Wahyu juga menambahkan bahwa di PPMI sebelum diputus mengenai sanksi, akan diadakannya sebuah forum untuk pembelaan. Dalam forum tersebut tim advokasi meminta kejelasan terhadap pelaku atas tanggung jawab perbuatannya, “Advokasi kasus kekerasan seksual itu tidak mudah, ini tetap berlanjut, dan belum selesai,” katanya.
Menanggapi perihal kasus yang terjadi, Chandra Muliawan, pemantik dari Direktur LBH Bandar Lampung mengatakan, kasus ini (pelecehan seksual terhadap anggota,. red) merupakan PR besar untuk PPMI. Sebab secara organisatoris memiliki kewajiban dan tanggung jawab moral untuk menyuarakan permasalahan kekerasan seksual, “peristiwa ini tentu menjadi pembelajaran apakah PPMI sudah mempunyai standar etika atau standar moral dalam berorganisasi untuk mencegah hal ini tidak terulang lagi”, ungkapnya.
Mengenai bagaimana penulisan pemberitaan untuk kasus pelecehan seksual, Hendry Sihaloho, Ketua Aji Bandar Lampung, menjelaskan bahwa sebagai pers mahasiswa perlu memahami dalam memandang permasalahan kekerasan seksual. Relasi kuasa merupakan salah satu contoh faktor pemicu.

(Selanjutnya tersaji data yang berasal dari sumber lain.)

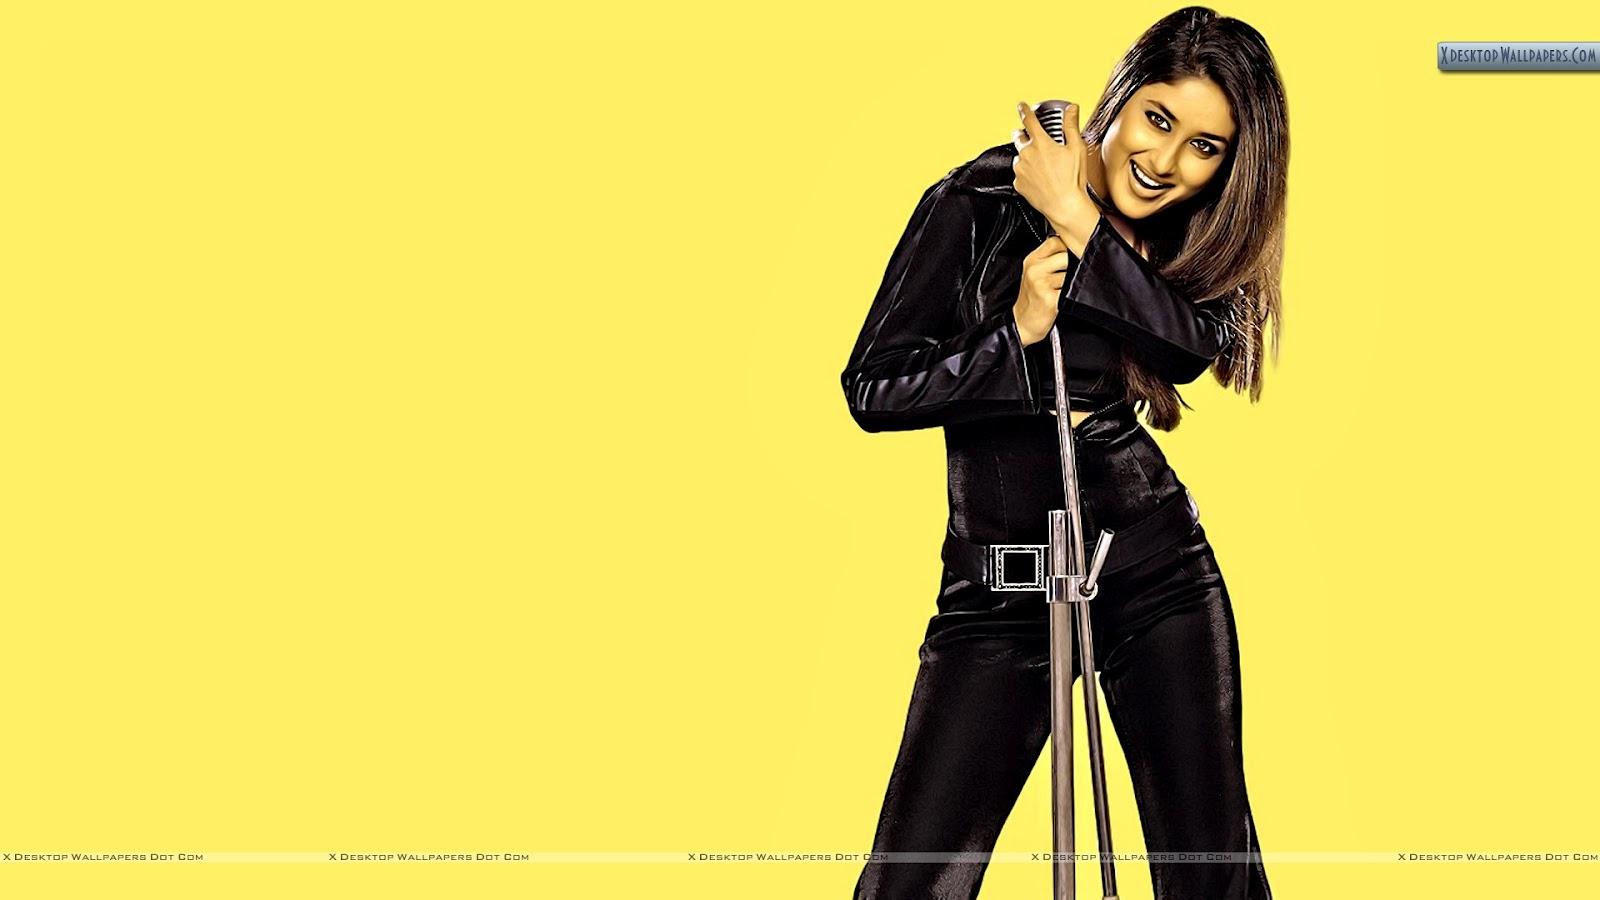 http://3.bp.blogspot.com/-ukPztOzuamY/UAeK3X3vnII/AAAAAAAAATs/vXvlpZfBtZc/s1600/Sexy-Kareena-Kapoor-With-Mic.jpg

Sehingga pers mahasiswa harus berempati kepada penyintas, sebab yang dibutuhkan penyintas adalah keadilan, “Cobalah untuk memposisikan diri sebagai penyintas, jangan malah bertanya kenapa mau? Kenapa nggak menolak?,” ujarnya.
Dalam kacamata Lely, Psikolog Women March Lampung, memaparkan, kasus pelecehan seksual ini sangat sulit untuk penanganannya. Hal ini dikarenakan bukti keterangan kerap kali berubah-ubah, karena penyintas mengalami Post Traumatic Stress Disorder (PTSD), “Untuk kekerasan seksual ini pembuktiannya sulit karena tidak mungkin melakukan rekonstruksi saat di pengadilan,” ujar Lely.
Ia juga menambahkan meskipun hingga kini kasus pelecehan seksual belum sampai tahap pengadilan. Adanya terapi untuk penyintas sangat diperlukan, untuk mengurangi kecemasan. Selain itu, perlunya memastikan keamanan secara emosi, sehingga menjauhkan penyintas dari hal-hal buruk seperti bunuh diri.
Hendry Sihaloho sebelum menutup pernyataannya menjelaskan bahwa dalam hal ini APML menyoalkan sikap, bagaimana mestinya pers mahasiswa ini clear soal kekerasan seksual, “ini adalah ruang diskusi, mestinya ini yang perlu dilakukan oleh kelompok manapun. Saya melihat bukan ajang untuk penghakiman ya, bukan untuk mengadili PPMI ini,” tutupnya.